School of education in Boston University

The Boston University Wheelock College of Education and Human Development, formerly Boston University School of Education (SED), is the school of education within Boston University. It is located on the University's Charles River Campus in Boston, Massachusetts in the former Lahey Clinic building. BU Wheelock has more than 31,000 alumni, 32 full-time faculty and both undergraduate and graduate students. The School of Education is a member institution of the American Association of Colleges for Teacher Education (AACTE).

==History==
Boston University School of Education was founded in 1918 by Dr. Arthur H. Wilde, who served as the first dean of the school.

In 2018, the School of Education merged with Wheelock College to Boston University Wheelock College of Education and Human Development.

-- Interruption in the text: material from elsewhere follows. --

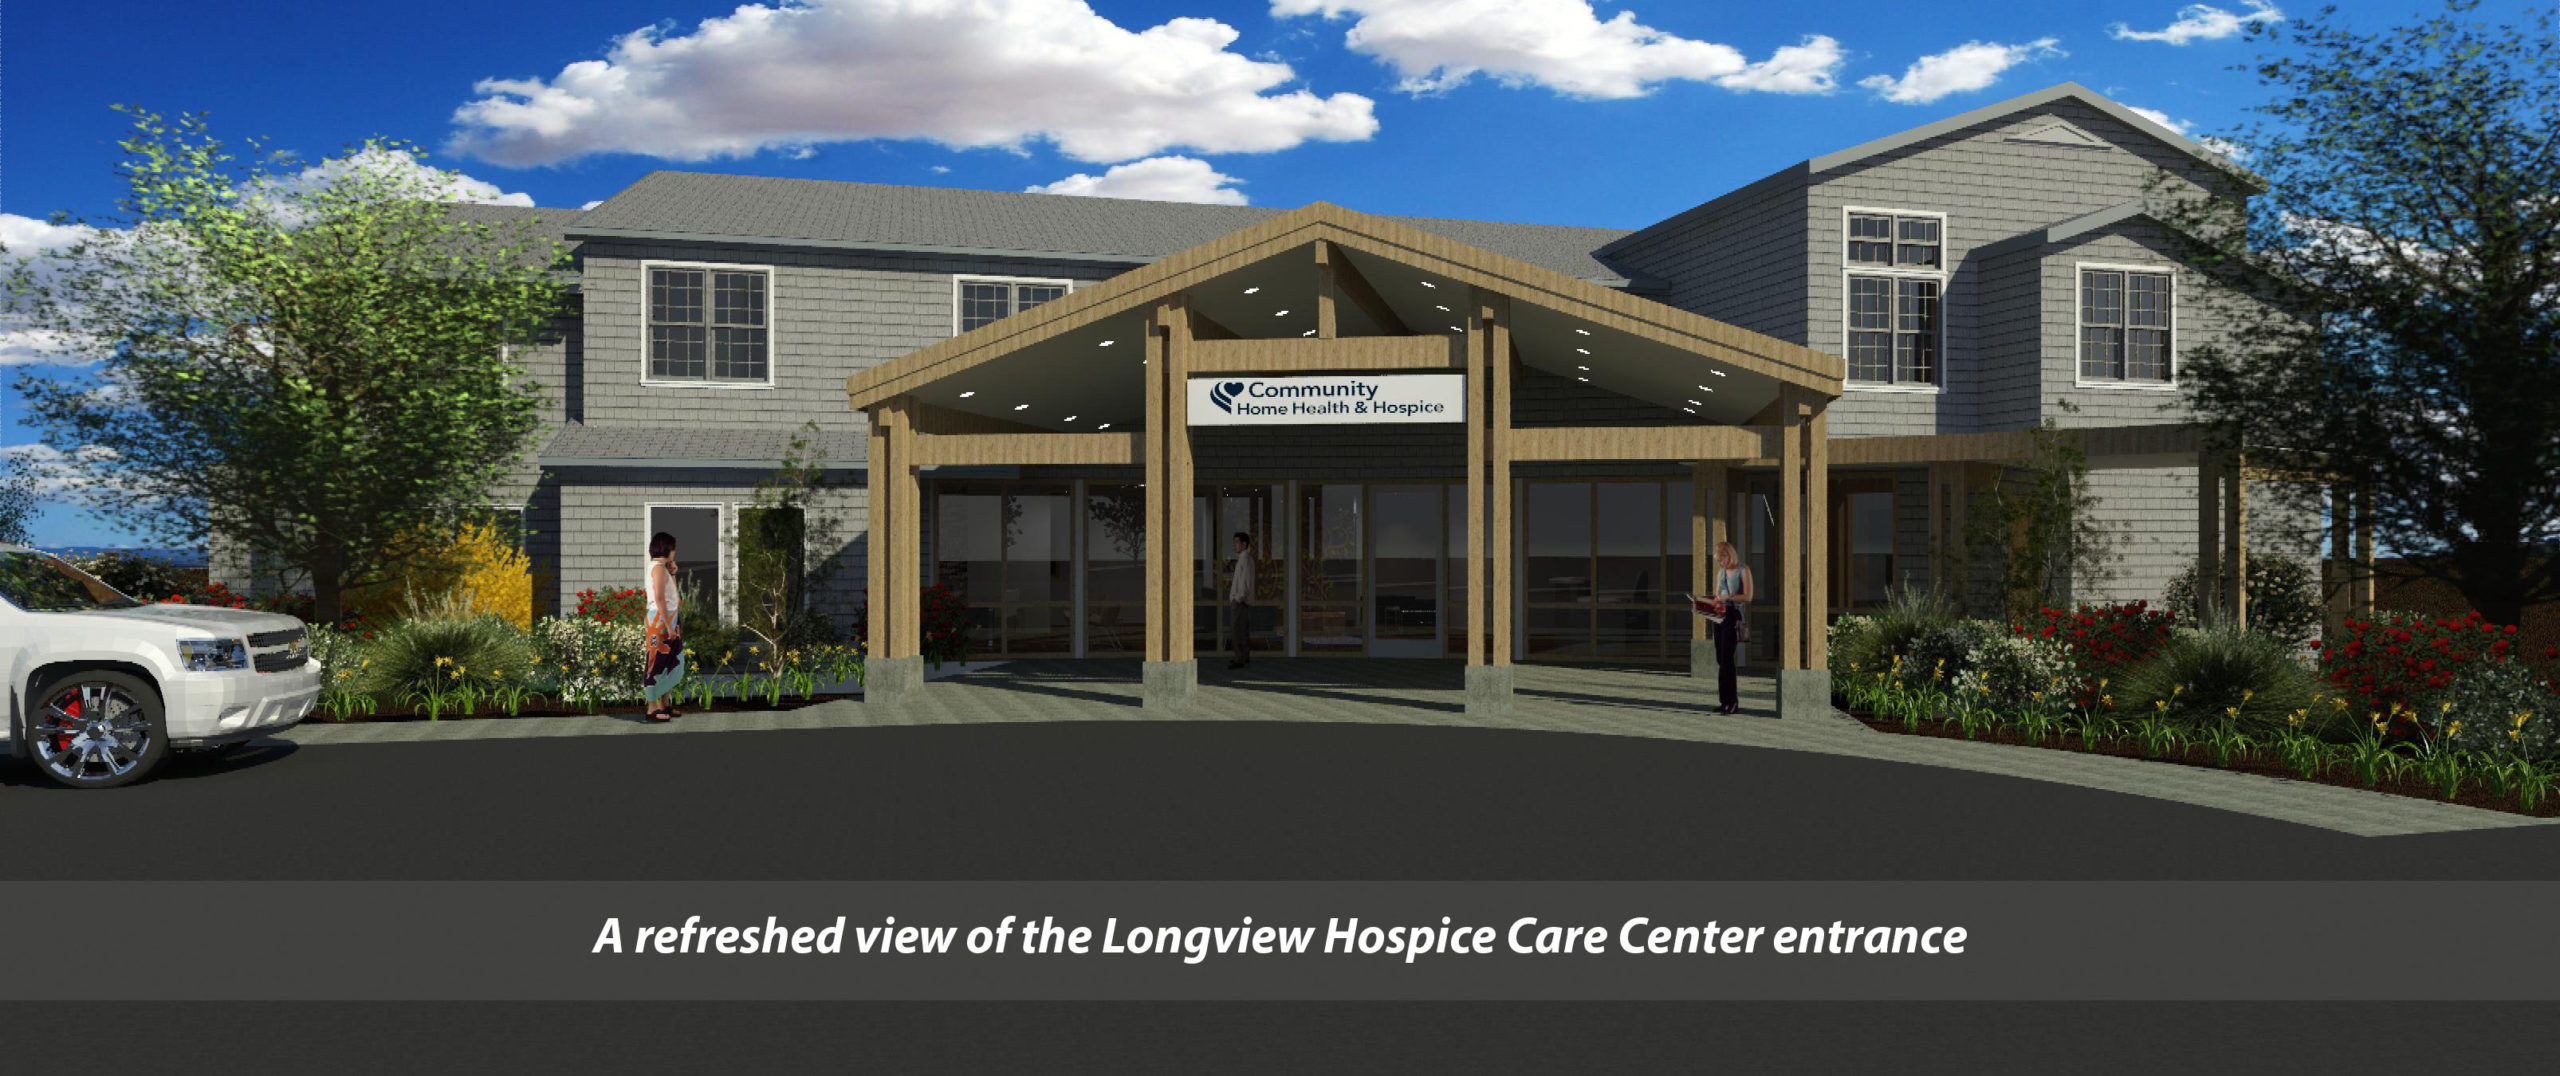 3-D rendering: A refreshed view of the Longview Hospice Care Center entrance

BU Wheelock houses the oldest continuously published journal in the field of education in the country, the Journal of Education. The Journal of Education was founded in 1875 from the merger of five New England education journals. In 1953, the Boston University School of Education took over publication of the journal, converting it to a student-run review in 1972 and then to a peer-reviewed academic journal in 2009.

==Programs of study==
Boston University School of Education offers a Bachelor of Science undergraduate degree in Education and Human Development, with five pathways to choose from:

   Child & Adolescent Mental Health

   Deaf Studies

   Educational Design for Transformative Social Futures

   Teaching & Learning

   Youth Development & Justice

BU Wheelock also offers numerous graduate programs and degrees, including the Master of Education degree, the Master of Arts in Teaching degree, the Certificate of Advanced Graduate Study, the Doctor of Education degree, and the Doctor of Philosophy degree. Graduate programs include degrees in Counseling Psychology and Applied Human Development, Educational Leadership, and Curriculum and Teaching. Boston University's special education program offers a dual-degree program with the School of Social Work that results in students earning either an M.S.W./Ed.M. or an M.S.W./Ed.D.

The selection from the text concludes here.